Arabella Lennox-Boyd, Lady Lennox-Boyd (née Parisi; born 1938) is an Italian-born English garden designer.

==Background==
Arabella Lennox-Boyd was born in Rome in 1938 and grew up there and at Palazzo Parisi, Oliveto, their family home. She later settled in England where she undertook a course in Landscape Architecture at Thames Polytechnic.

==Career==

Since moving to Gresgarth Hall in Lancashire in 1978 with her family, Arabella Lennox-Boyd developed the gardens there, marrying Italian style with British plantmanship. In 1989, she formed Arabella Lennox-Boyd Landscape and Architectural Design where she heads a team of designers. She has been designing gardens for over forty-five years and has landscaped more than seven hundred gardens worldwide, including six Royal Horticultural Society (RHS) Chelsea Flower Show Gold Medal gardens, and the Best of Show winner in 1998.

Her many commissions range from commercial projects, such as the roof garden at No. I Poultry in the City of London; gardens open to the public, such as at the Serpentine Sackler Gallery in Hyde Park, and the Maggie’s Centre in Dundee; small town gardens; large country estates, including the development of large-scale master plans; and Mediterranean and tropical gardens. Her larger private projects include the gardens at Ascot House in Berkshire and at Eaton Hall, Cheshire; a garden and parkland in Dallas, Philadelphia and Rhode Island; and further gardens in France, Germany, Belgium, Italy, Spain, Austria, Switzerland, Mexico, Barbados, Canada, Ukraine, Moscow and the United States. Her client list includes Sting, Sir Terence Conran, David Gilmour (Pink Floyd) and Queen Paola of Belgium.

She is a trustee of the Chelsea Physic Garden; and the Scientific Panel of the International Dendrology Society; trustee of The Tree Register of the British Isles (T.R.O.B.I.); member of the RHS Woody Plant Committee; and a patron of Painshill Park Trust. Previously, she served as a Trustee of Kew Gardens for nine years, was a member of The Historic Parks and Gardens Panel of English Heritage and sat on the Heritage panel for six contemporary Heritage gardens. She was a founding member of the Martin McLaren Horticultural Scholarship and a member of the Council of the International Dendrology Society.

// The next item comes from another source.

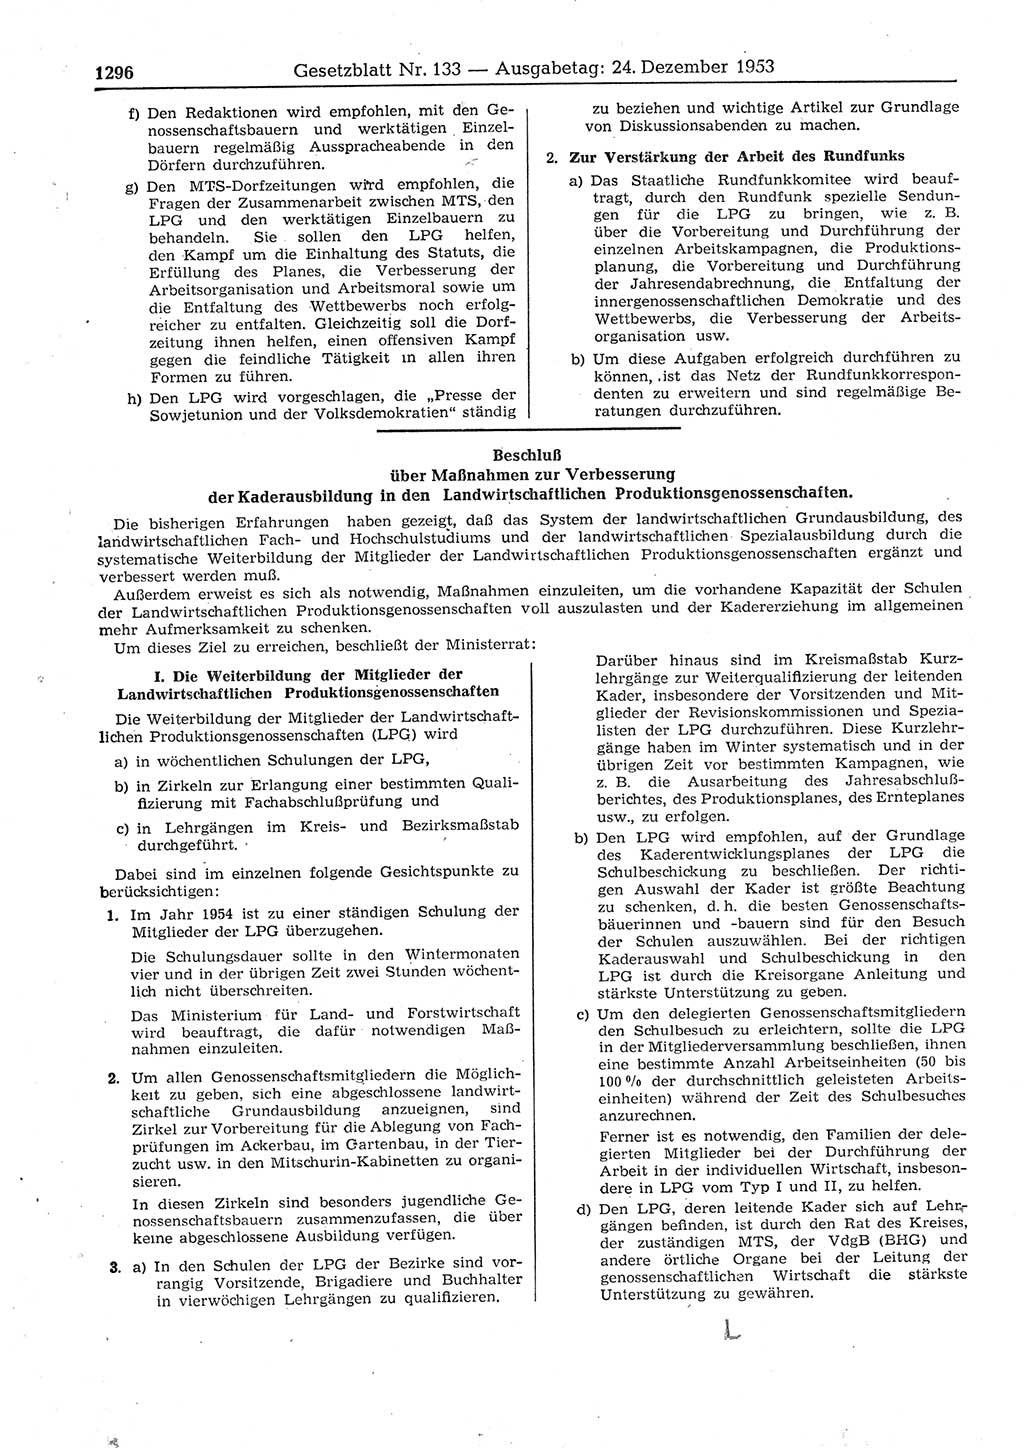 Gesetzblatt (GBl.) der Deutschen Demokratischen Republik (DDR) 1953, Seite 1296 (GBl. DDR 1953, S. 1296)

Lennox-Boyd was awarded the RHS Veitch Memorial Medal for her work in Horticulture, and an Honorary Doctorate of Design (HonDDes) from the University of Greenwich where she is also a member of The Assembly.

She is listed in House & Garden magazine in 2021, as one of the top 50 garden designers in the UK.

==Marriages==
Arabella Parisi married her first husband, Philippe Lacloche Dehaulme de Vallombreuse, a son of Nathalie Volpi, Countess di Misurata (née Nathalie El-Kanoui), by her first husband. They were divorced and had one daughter, Dominique.

She married her second husband, Mark Lennox-Boyd (1943–2025), youngest son of Alan Lennox-Boyd, 1st Viscount Boyd of Merton, on 29 June 1974; he was knighted in 1994 and became Sir Mark Lennox-Boyd. They have one child, Patricia.